Why is Cape Town such a great tourist destination?

By Jamie Goode | 7 February 2017

Why is Cape Town such a great tourist destination? Oh, there are so many reasons. I first took my family there back in 2003, when our boys were still young. I remember that before we travelled, most of the people we spoke to were surprised: isn’t it risky to take your family on holiday there? What about the crime? This planted little seeds of doubt in my mind, so for the first day of that trip I was scared and overly cautious. But I quickly realised that the concerned friends were completely wrong. While crime certainly exists, and I’m not making light of it, I’ve been multiple times and never felt threatened any more than I would in London or Paris.

 

So, the positives. There are just so many great things about Cape Town and the Western Cape. First, there’s the scenery. Natural beauty abounds, and it is easily accessed. The proximity of the oceans and the mountains helps. Then there’s the climate, which is really lovely. Sometimes people don’t realize that autumn and spring are every bit as beautiful as summer, and things aren’t as busy. Winter is variable, but you can get some nice surprises. Then there’s the ease of travelling around: most things are quite close together. The winelands, of course, are a big draw, with several diverse winegrowing areas fairly close together.

 

And this may sound trivial, but one of the great attractions is that Cape Town is just an 11 hour overnight flight away, with no jetlag involved (there’s a time difference of just one hour). This means that as long as you can sleep on a plane, you arrive fresh in Cape Town with a full day ahead of you, and you also cover two nights of holiday accommodation on the plane. For the last few years, though, these direct flights were getting expensive, to the point that a few times I had to fly indirectly. As a guide, when I was planning my visits last year, the British Airways flight (in economy of course) was £1100, even at off-peak times like April and July. Flying with Emirates via Dubai – admittedly a much longer route, but on new planes – was around half this fare.

 

The reason for these expensive fares? It was because BA was the only option for London to Cape Town direct, and as a result they had a near monopoly position. So prices go up, and they put their old 747s on the route, which are no match for modern planes in terms of passenger experience. A few years back, South African Airways stopped flying the London to Cape Town route, and there was just a seasonal Virgin flight as the other option.

 

This is now changing.

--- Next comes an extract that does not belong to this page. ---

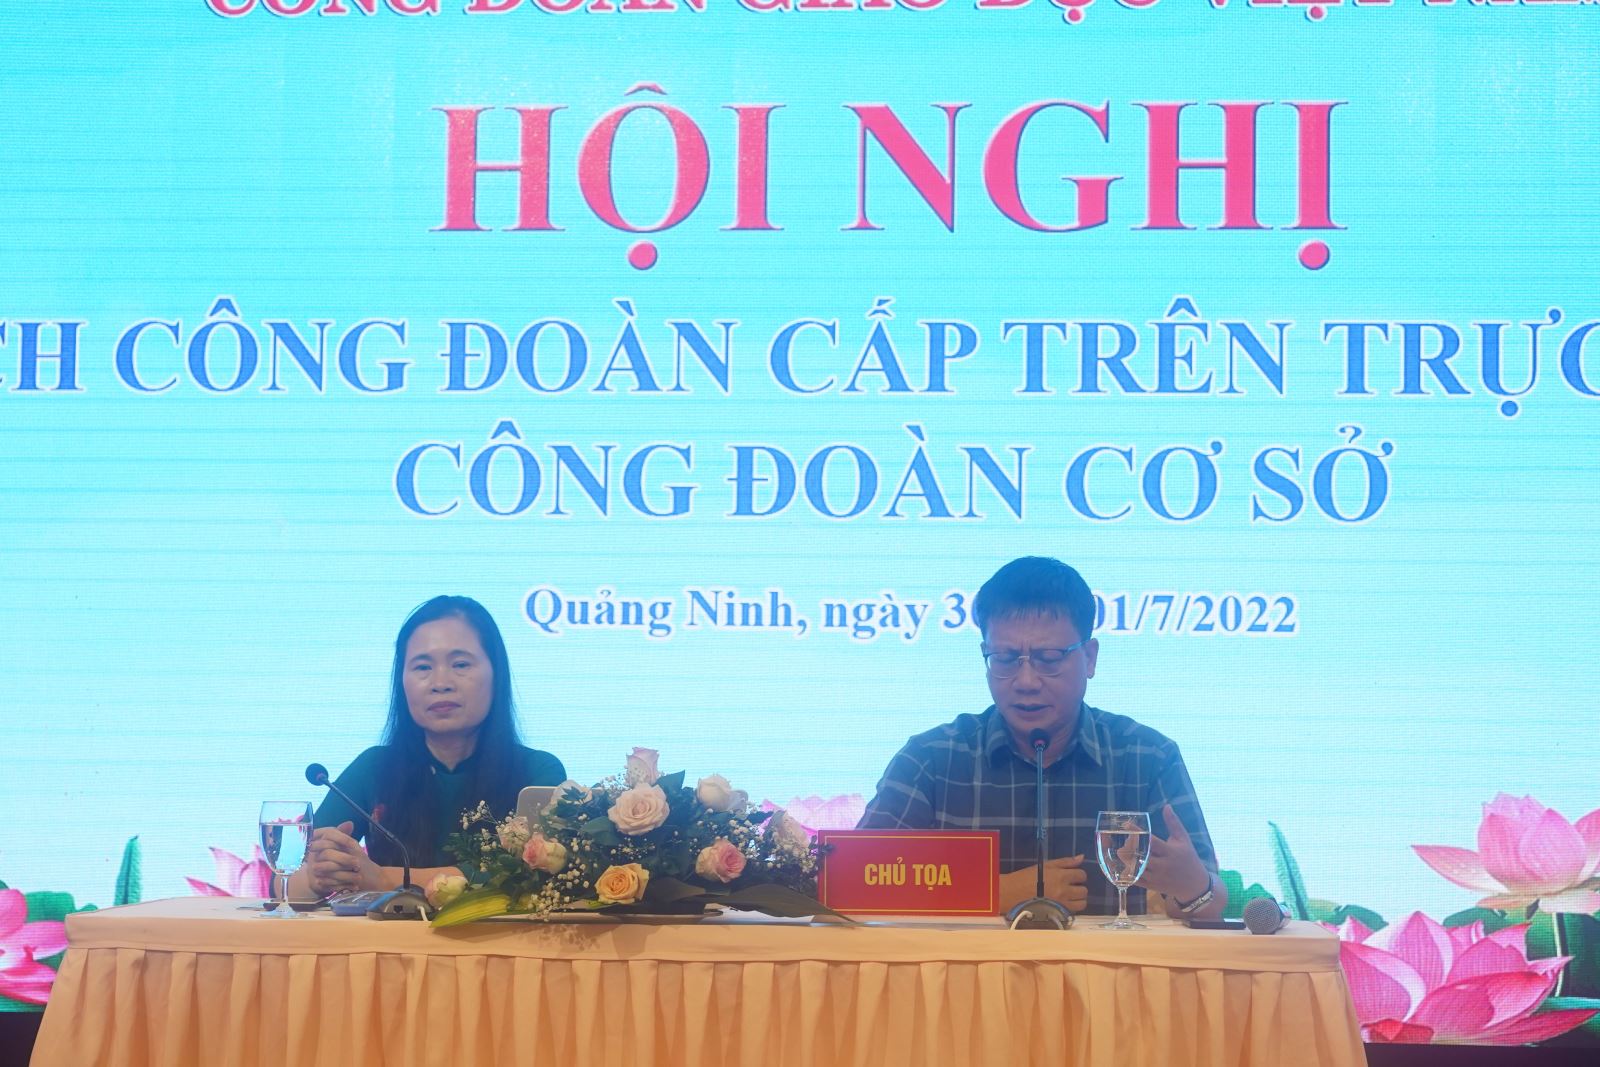 Công đoàn Giáo dục Việt Nam tổ chức Hội nghị Chủ tịch Công đoàn cấp trên trực tiếp cơ sở và công đoàn cơ sở khối trực thuộc

Recently, Thomas Cook have introduced a direct Gatwick to Cape Town flight, for £299 each way. I’ve no idea what flying with a charter airline long haul is like, and judging by some of the reviews from disgruntled passengers are like, I’ve no intention of finding out. But it’s good that there’s some competition on this route. BA have also introduced a Gatwick-Cape Town flight as well, so this should increase capacity. But the good news is that the cost of flying direct on the Heathrow-Cape Town route has come down considerably, and you can now fly BA for just over £600. That’s pretty cheap, considering that a reward flight on airmiles will still cost you £300 in taxes and charges. So there has never been a better time to head to Cape Town for a holiday.

 

So if you go, what should you do? You need to spend some time in the city, but not too much. It’s good to move around a bit, and I’d recommend a multi-base itinerary, staying in a few places.

 

On the coast, I really like the false bay seaside villages and towns, and one of my favourites is St James, near Muizenberg. Nearby Kalk Bay is also lovely. Stay a few days by the sea: there are lots of guest houses.

 

I also like Hermanus, which is a lovely base for visiting the wineries of the lovely Hemel-en-Aarde Valley. This is pretty much compulsory: great Chardonnay and Pinot Noir is the main draw. Depending on the time of year, you can also whale watch from the shore.

 

Constantia, a suburb of Cape Town tucked in behind Table Mountain, is a lovely place to spend some time. There are good restaurants here, and as a wine region it is small and high quality, specializing in whites and also the famous Constantia sweet wines.

 

Stellenbosch, the main wine region, is also essential visiting. The town itself is beautiful, and has lovely guest houses and small hotels. It is also home to the Cape’s most well known wineries, and some lovely Cape Dutch architecture. Some of the wineries have luxury accommodation, too.

 

One of the big tourist draws is the town of Franschhoek, which has become a gastronomic centre. There’s lots to eat and drink here, and there’s some amazing luxury accommodation. The valley is quite beautiful, too.

 

If you feel like going off the beaten track a bit, the wine regions of Paarl, Robertson and Swartland are also really worth a look, although they aren’t as tourism focused. There are still some good wineries here who welcome visitors, and they’re also pretty scenic.

 

Finally, my favourite place of all is Cape Point national park. Plan to spend a day here: it’s stunningly beautiful and you’ll encounter quite a bit of nature on your way. But watch out for the baboons. If they think you have food, then they’ll be more than a little inquisitive.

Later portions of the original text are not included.